Resource-cluster algorithm¶

This document describes how the resource-cluster context-algorithm plugin groups resources. The short answer: it's a deterministic, rule-based tokenizer + index. No LLM calls, no embeddings, no probabilistic matching.

For the plugin framework itself, see context-redesign.md §4. For the 11-phase rollout plan, see context-redesign-plan.md.

1. What it does¶

Given the set of Resources in a system, the plugin produces one generated Context per "significant token" that appears in ≥ N resource names. A resource can belong to multiple clusters — a group named SG_APP_HAMIS_FINANCE_Admins_P contributes to both a HAMIS cluster and a FINANCE cluster (if both tokens clear the thresholds).

The plugin targets Resource, writes with variant='generated' and contextType='ResourceCluster', and attaches every cluster under a synthetic root named by the rootName parameter (default "Resource Clusters").

2. When to use it¶

Use resource-cluster when: - You want to quickly see which resources belong to the same app / system / business capability based on naming conventions. - Your organisation uses consistent tokens (e.g. every HAMIS-related group has "HAMIS" somewhere in its name, even if the surrounding prefix/suffix varies).

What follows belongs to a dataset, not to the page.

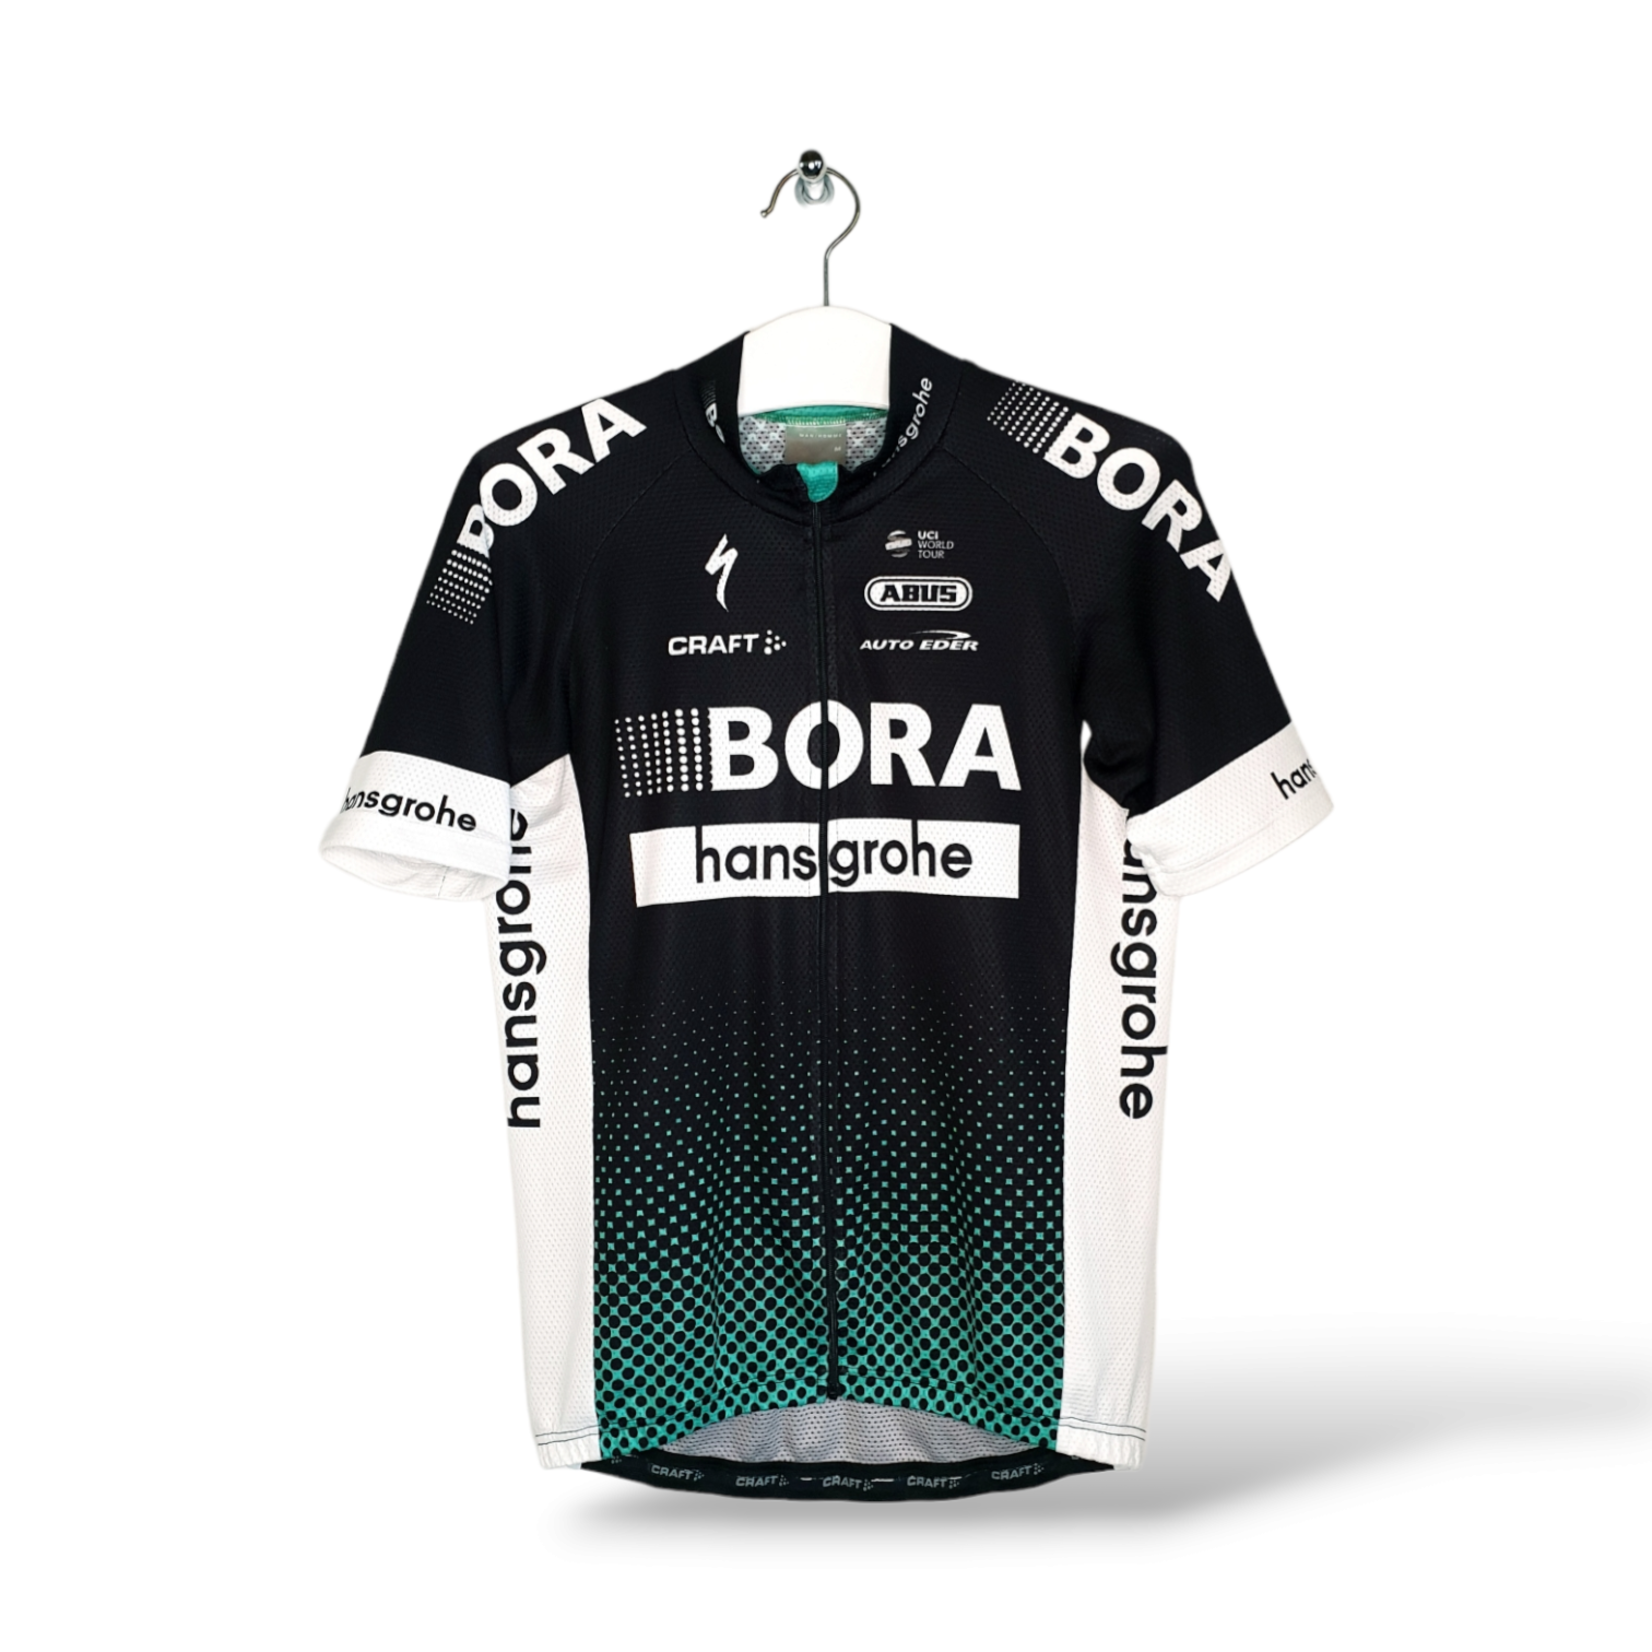 Craft Original Craft vintage cycling jersey Bora - Hansgrohe 2017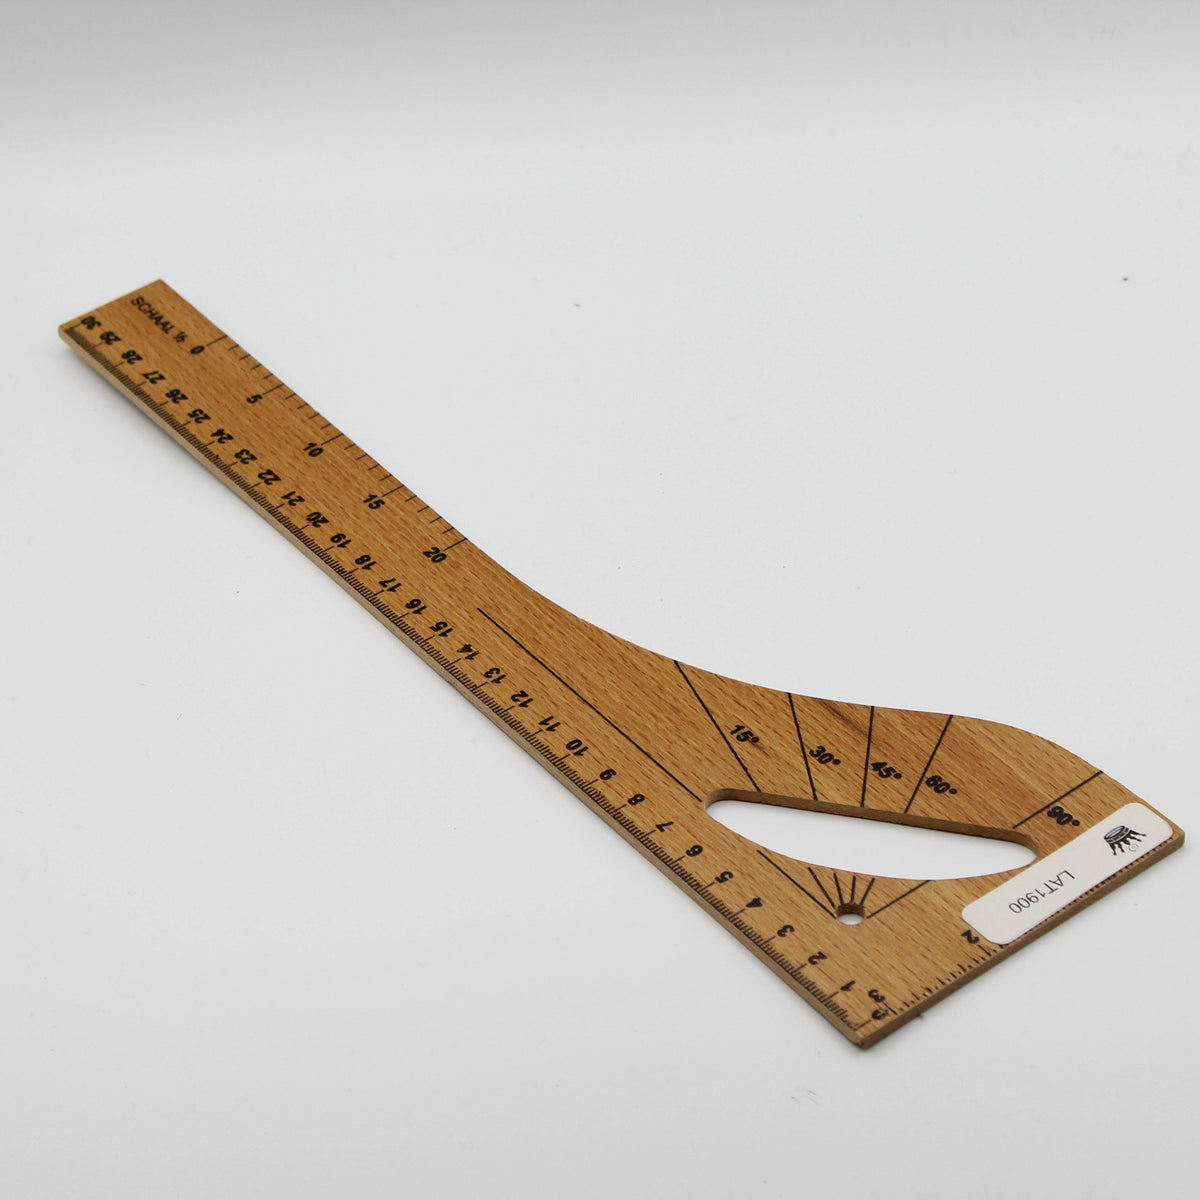 Short 6 Wood Craft Ruler - 1-1/8 Wide x 6 Long [#3094] - $0.4900

Don't use it (and reach for business-process-llm once it's wired up) when: - Different systems use different names for the same concept (Procurement / Inkoop / P2P will not cluster together here). - Names are opaque codes (GRP00123) where the token alone carries no meaning.

3. How it works¶

Resources  ─┐
            │  tokenize()         ↓ per-resource token list
            │  ── split on /[^a-zA-Z0-9]+/
            │  ── lowercase
            │  ── drop len < minTokenLength
            │  ── drop numerics
            │  ── drop stopwords  (role / env / type / filler / NL connectives
            │                      + user-supplied additionalStopwords)
            ▼
            Map<token, resourceId[]>
            │
            │  filter:
            │   • |resources| ≥ minMembers
            │   • |resources| ≤ total × maxTokenCoverage
            ▼
   one Context per surviving token
   one ContextMember per (token, resource) pair

Every step is pure data transformation. Same input → same output, every run. One SQL query (SELECT id, displayName FROM Resources WHERE systemId = $1) and then Node-side processing. Runs in milliseconds on 10 k resources.

3.1 Tokenizer detail¶

The tokenizer (tokenize.js) does five things in order:

Lowercase the input.
Split on any run of non-alphanumeric ASCII (/[^a-zA-Z0-9]+/). Hyphens, underscores, slashes, backslashes, whitespace, parentheses, brackets, commas, plus signs, ampersands, quotes — all treated as separators.
Drop tokens whose length is below minTokenLength (default 3).
Drop purely numeric tokens (/^\d+$/).
Drop stopwords — see §4.

3.2 Default stopword set¶

Four built-in categories, combined into a single Set:

Category	Rationale	Example members
Role / authority	Not the thing of interest; distinguishes who has access rather than to what. Both EN + NL.	`admin`, `admins`, `user`, `users`, `owner`, `owners`, `reader`, `writer`, `viewer`, `manager`, `developer`, `support`, `approver`, `beheer`, `gebruikers`, `leden`, `eigenaar`, `eigenaren`, `bezoekers`, …
Environment	Clusters should unify across envs, not split by them.	`p`, `a`, `t`, `d`, `acc`, `tst`, `dev`, `prod`, `ont`, `stg`, `sbx`, `uat`, `qa`, …
AD / type prefix	Purely conventional; tells you what flavour of AD object, not what it's for.	`sg`, `dl`, `ag`, `sec`, `m365`, `aad`, `grp`, `group`, `team`, `app`, `apps`, `application`, …
Filler	Generic nouns that form noise clusters if kept.	`all`, `general`, `misc`, `role`, `roles`, `perm`, `permissions`, …
NL connectives	Clutter from descriptive Dutch display names.	`van`, `voor`, `naar`, `bij`, `aan`, `uit`, `over`, `met`, `als`, `door`, … (short ones like `de`, `en`, `op`, `te` fall out via `minTokenLength`)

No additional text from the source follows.